Generally, the duty owed by an accountant to a client is not fiduciary in nature. ( DG Liquidation, Inc. v Anchin, Block Anchin, LLP, 300 AD2d 70, 71). However, courts have recognized limited circumstances where an accountant-client relationship may become a fiduciary relationship. (Id). For example, in Lavin v Kaufman, Greenhut, Lebowitz Forman ( 226 AD2d 107), the First Department sustained a cause of action for breach of fiduciary duty where the complaint alleged that the defendant-accountant engaged in a series of acts, representations and omissions relating to 16 specific investments; made all investment decisions for the plaintiff for 16 years; recommended specific investments, and concealed pertinent information about those investments. Similarly, in Kanev v Turk, 187 AD2d 395, the First Department concluded that the plaintiff stated a cause of action for breach of fiduciary duty, where the defendant-accountant advised the plaintiff to loan $25,000 to another one of his clients and that there was no need to secure the loan, that he knew of the borrower's insolvency and intentionally deceived the plaintiff, and that the plaintiff relied on the defendant's advice.
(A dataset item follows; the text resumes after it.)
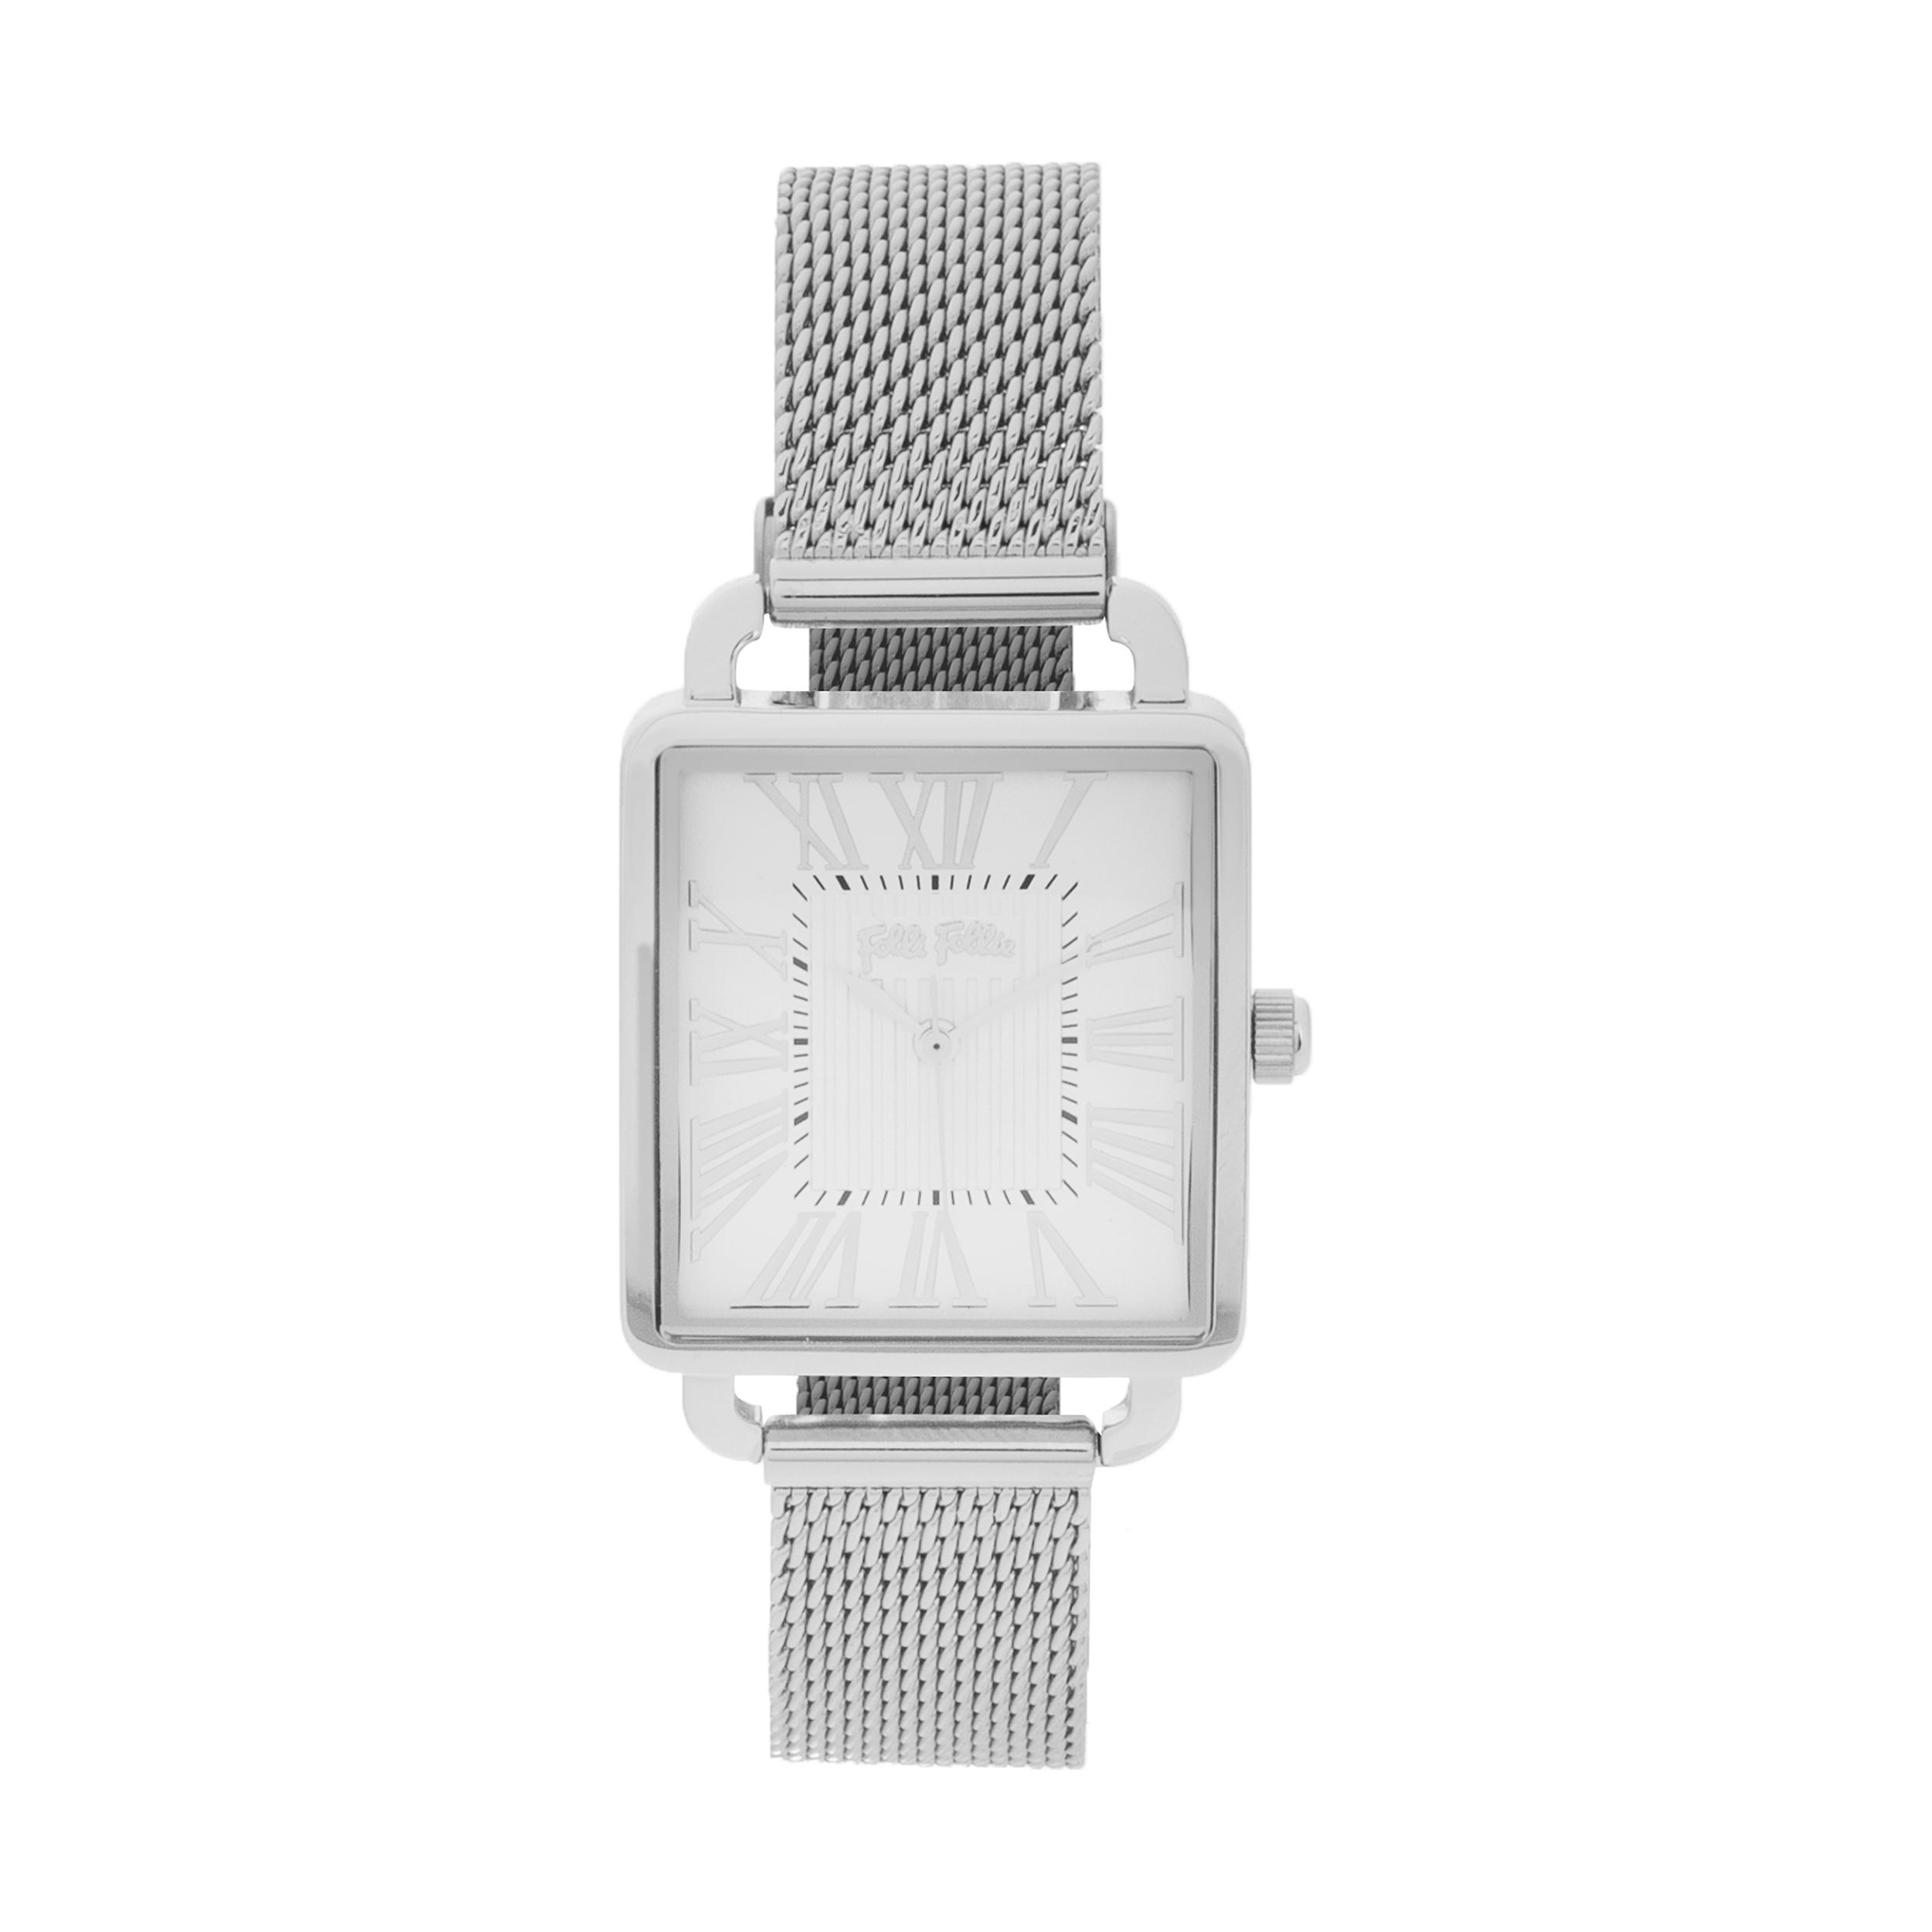 ساعت مچی عقربه ای زنانه فولی فولیه مدل WF16T012BPS (بدون جعبه اورجینال)              خرید (⭐️⭐️⭐️)

Here, the complaint alleges, at most, that PWC knew of the misconduct of the general partner's employee that led to the Fund's collapse, but failed to advise senior management of the misconduct. These allegations do not rise to the level of the type of loss of independence contemplated in Lavin, 226 AD2d 107, supra, and Kanev, 187 AD2d 395, supra, where the plaintiffs relied upon the defendant-accountants' recommendations of specific investments, while at the same time concealing material information concerning the investments. Therefore, these cases are distinguishable on their facts and plaintiff fails to plead fact to show that the claim for breach of fiduciary duty falls within the limited circumstances where the duty an accountant owed to a client is fiduciary in nature. Accordingly, the court grants PWC's motion to dismiss the third cause of action for breach of fiduciary duty.
PWC's Motion To Dismiss For Lack of Proximate Cause
PWC next argues that it could not have proximately caused injuries resulting from Lipper Holdings' decision to liquidate the Fund's holdings and the public announcement that it was selling off its entire portfolio. In opposition, plaintiff argues that PWC's argument is premature at the pleading stage of the litigation and that PWC proximately caused all reasonably foreseeable losses that resulted from its conduct.
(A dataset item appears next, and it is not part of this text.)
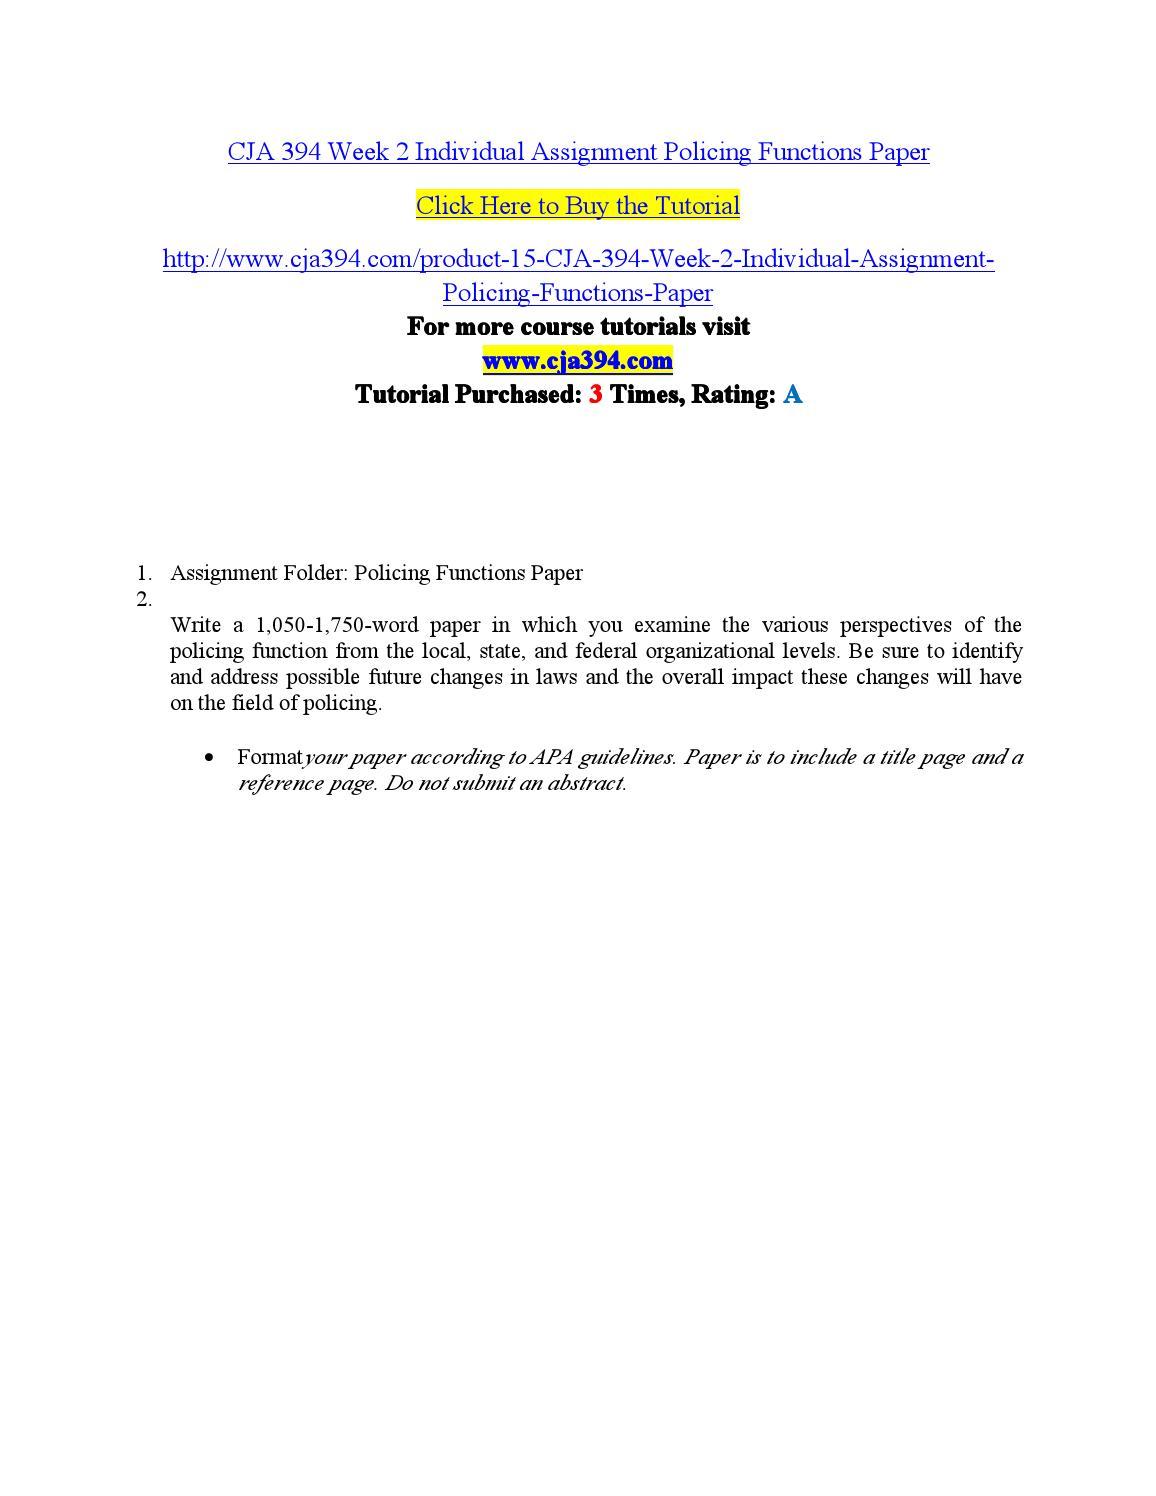 cja 394 policing functions paper Cja 394 cja\394 week 2 policing functions paper related.

PWC's argument regarding proximate cause does not address the sufficiency of the malpractice claim. Rather, it prematurely addresses a potential factual question that would be more appropriately addressed in a motion for summary judgment. Accordingly, the court denies PWC's request for dismissal of plaintiff's claim for damages resulting from Lipper Holdings' decision to sell the Partnerships' assets.
Accordingly, it is hereby
ORDERED that the motions to intervene (motion sequence numbers 001 and 003) are denied; and it is further
ORDERED that the defendant's motion to dismiss is granted in part as follows: (1) that the first cause of action is dismissed as time-barred with respect to claims relating to audits defendant PWC conducted from 1995 through 1999; (2) the third and fourth causes of action are dismissed in their entirety, the third with prejudice and the fourth without prejudice and (3)the motion is otherwise denied; and it is further
ORDERED that defendant is directed to serve an answer to the complaint within 10 days after service of a copy of this order with notice of entry.